Supplied information below:

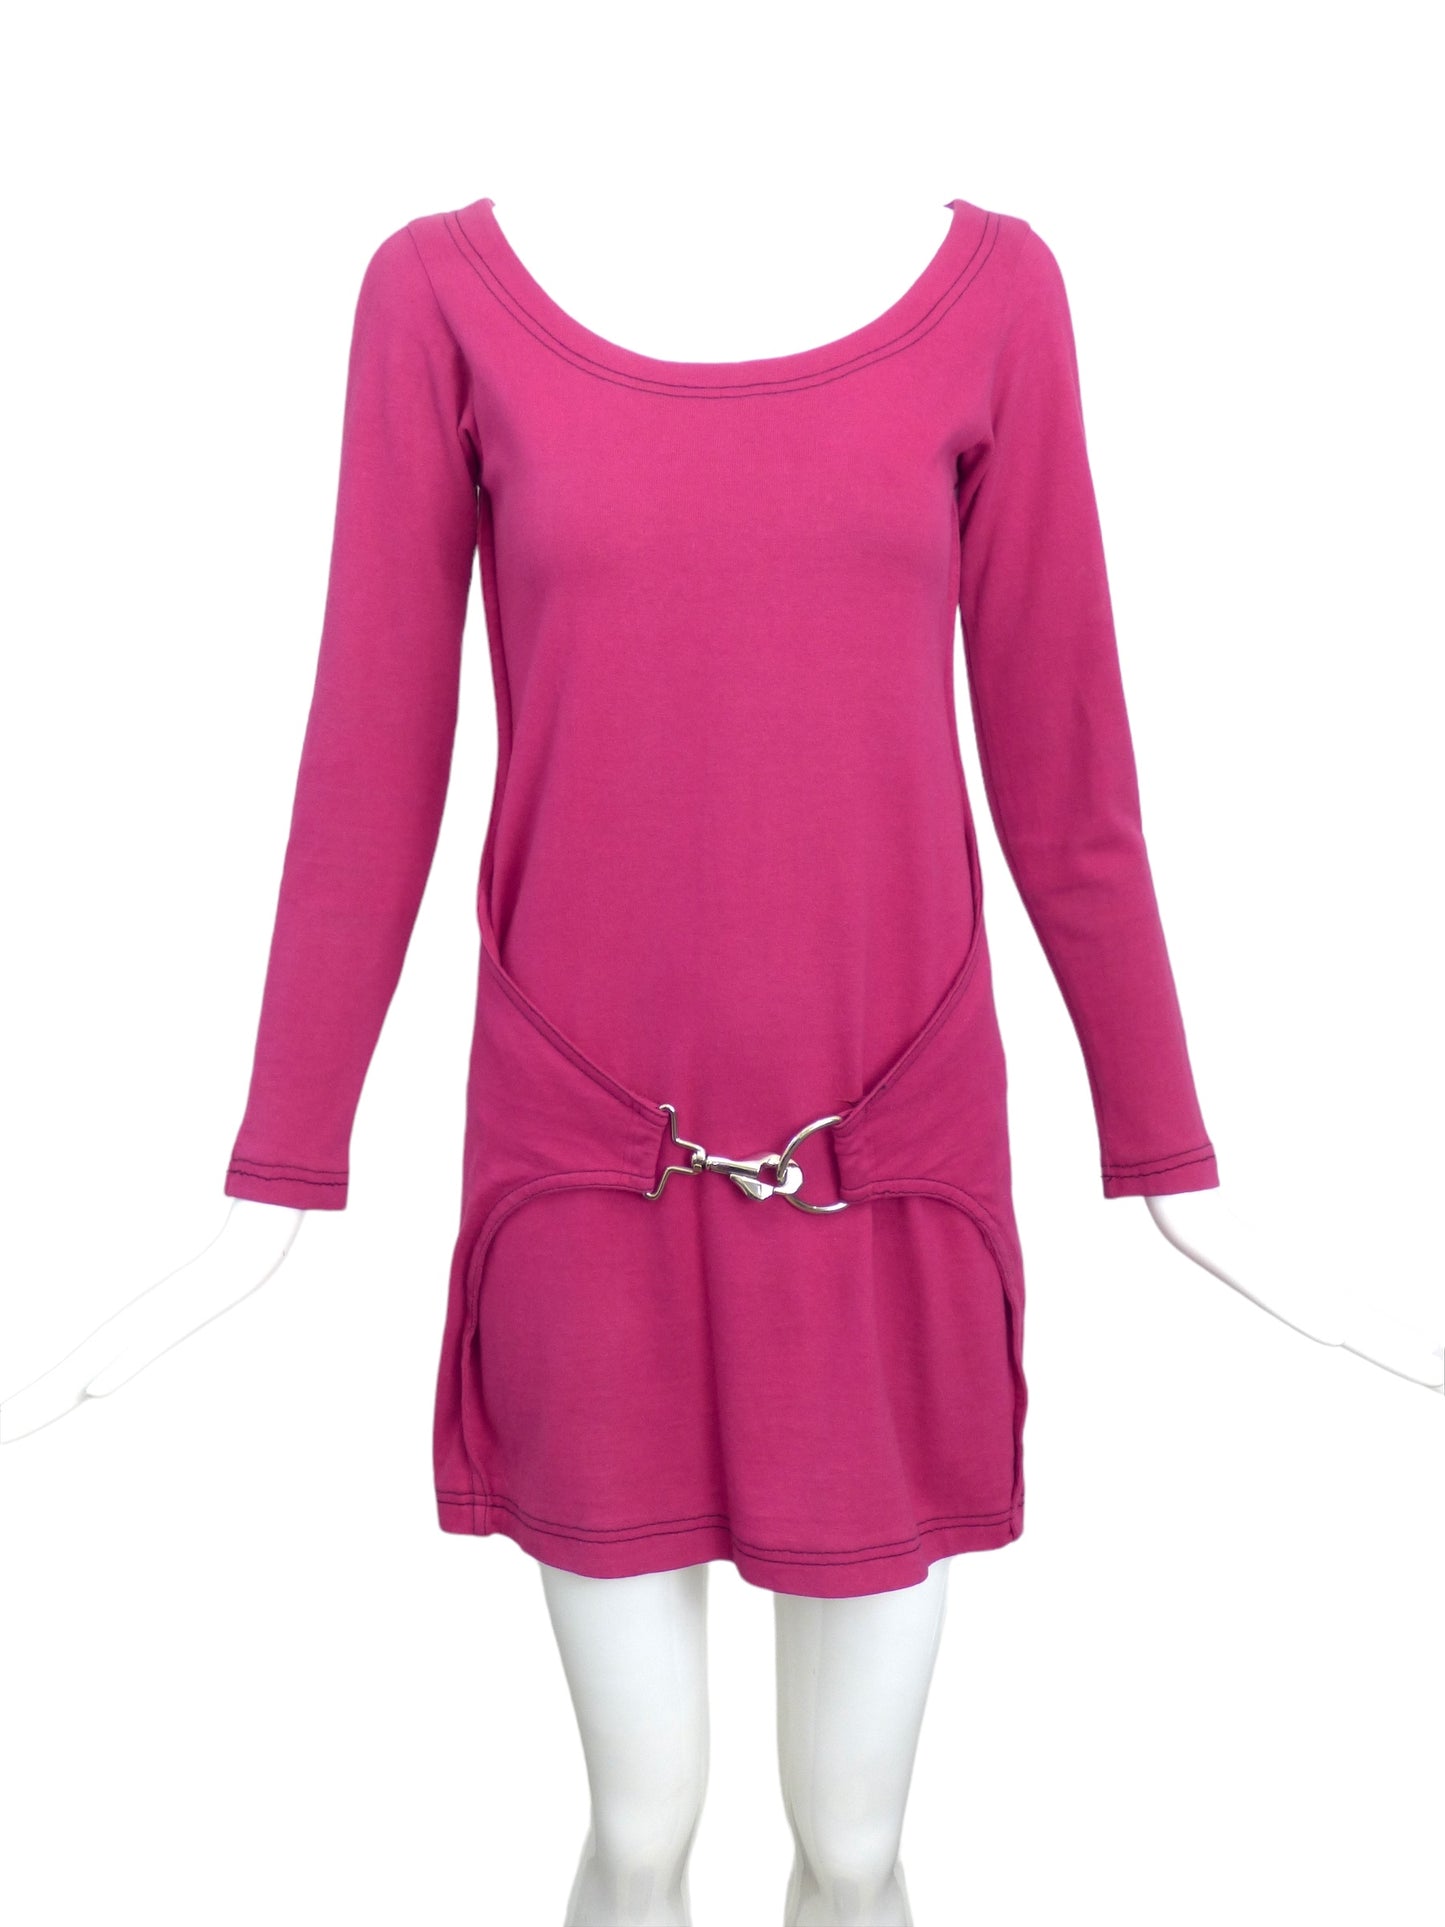 BETSEY JOHNSON-1980s Fuchsia Knit Dress, Size-Small
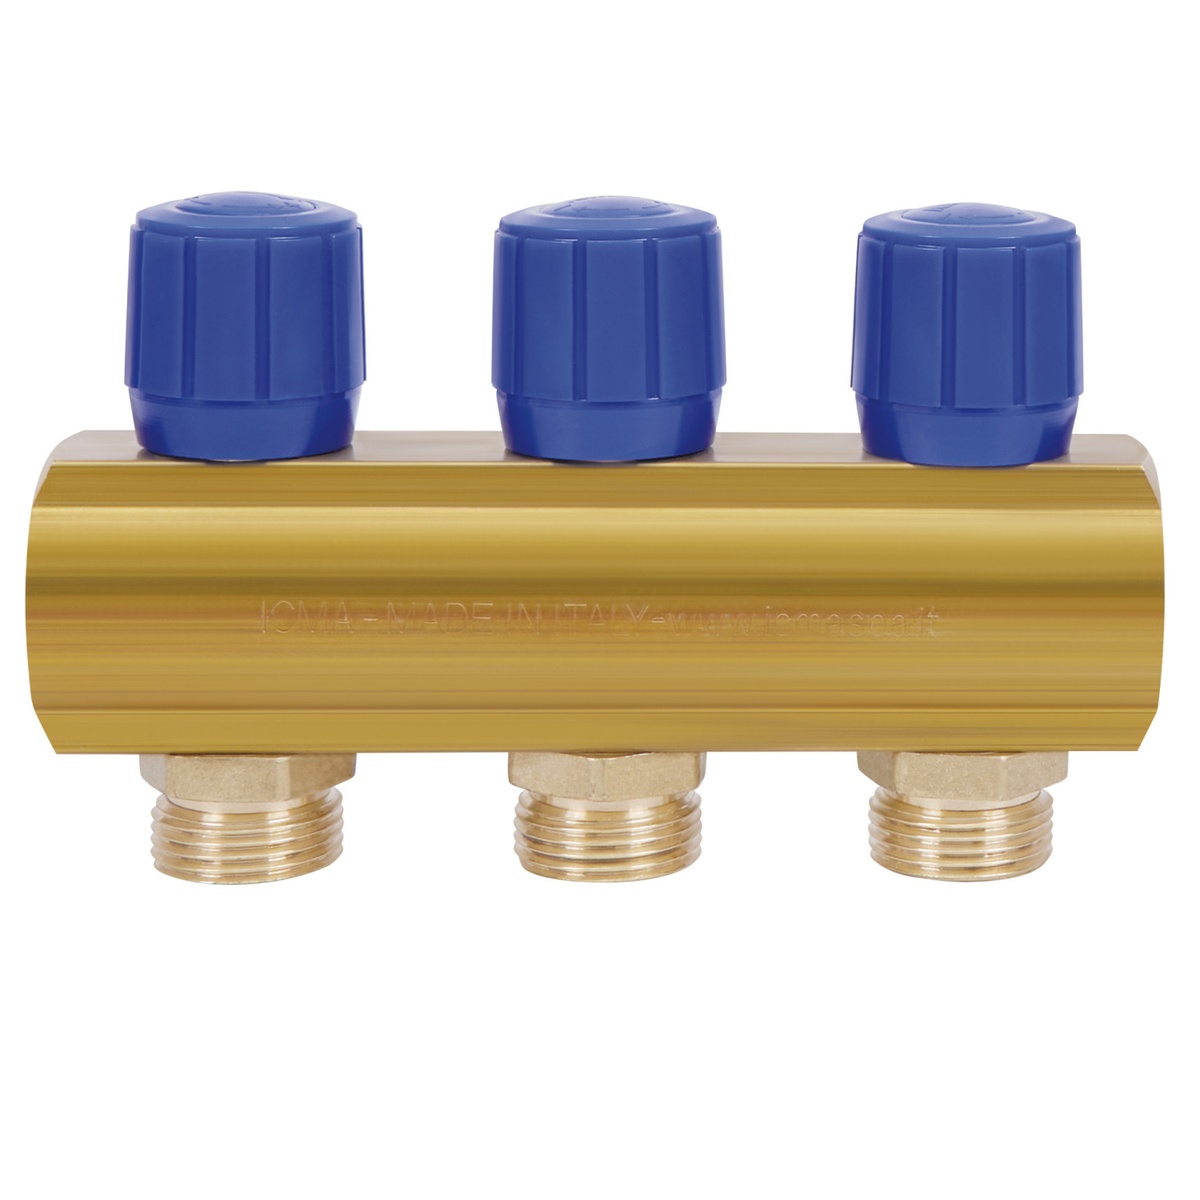 Коллектор для водопровода ICMA 3 контура 1"/3/4" 1105 (Blue) 871105PH0512
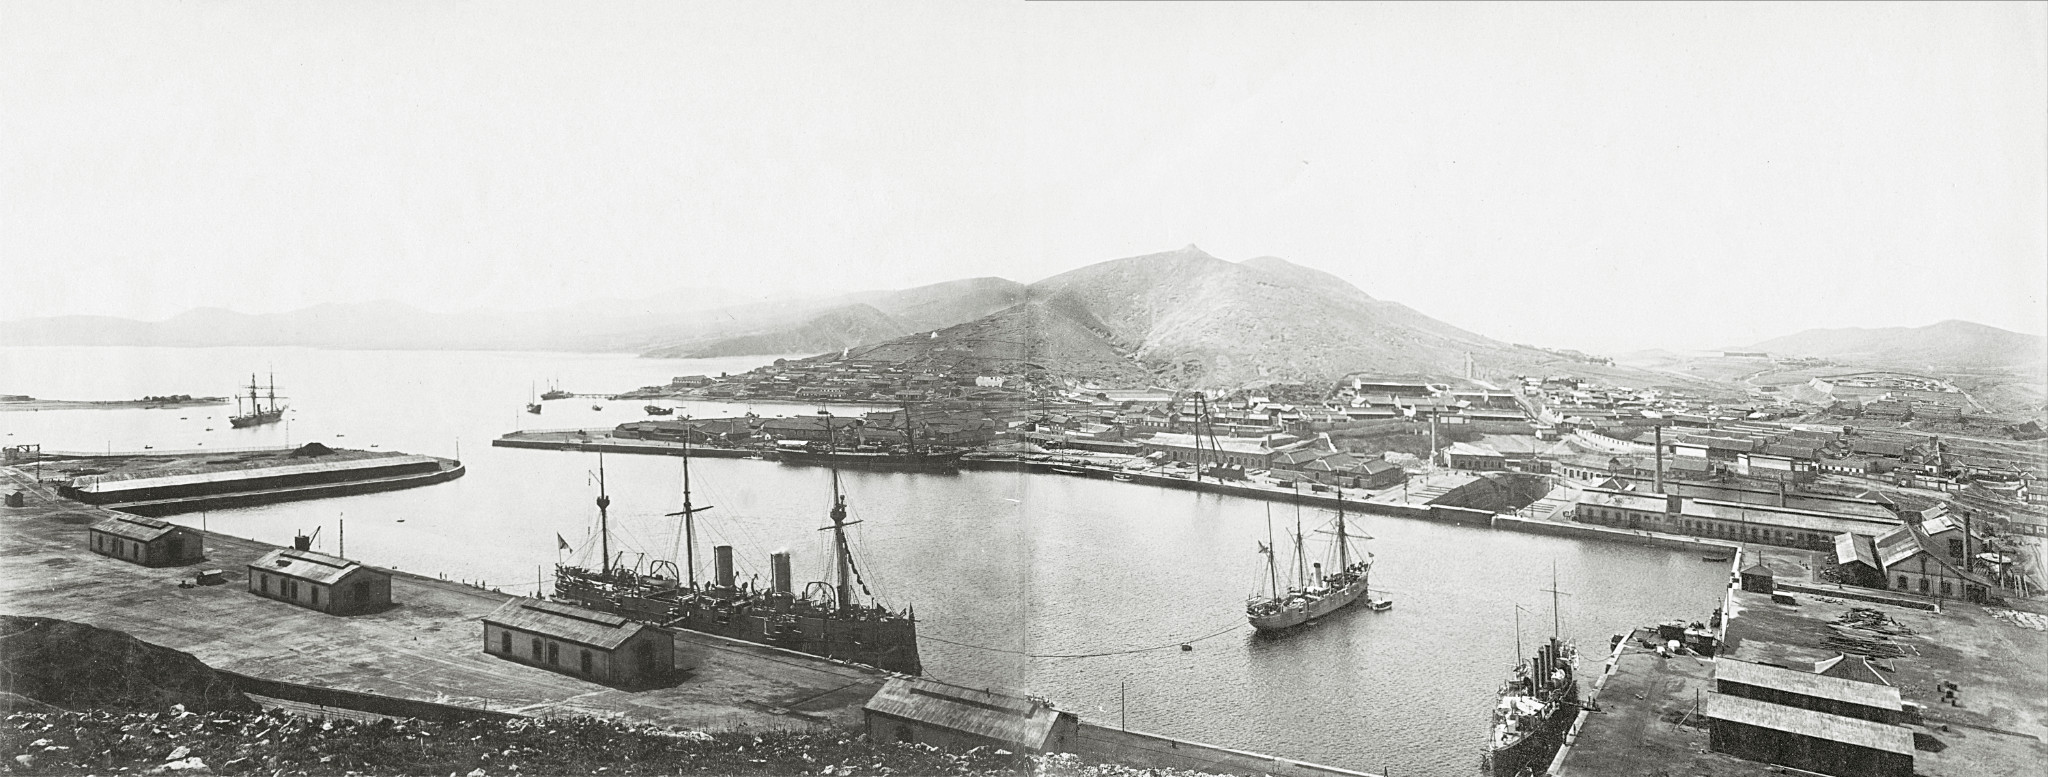 W Port Arturze 1898 rok (zaraz po zajęciu portu)

End of Supplied information.

Leave out every picture, and copy exactly the lines from the line that contains "Коллектор для водопровода" through the end of the material.

 Коллектор для водопровода ICMA 3 контура 1"/3/4" 1105 (Blue) 871105PH0512
 W Port Arturze 1898 rok (zaraz po zajęciu portu)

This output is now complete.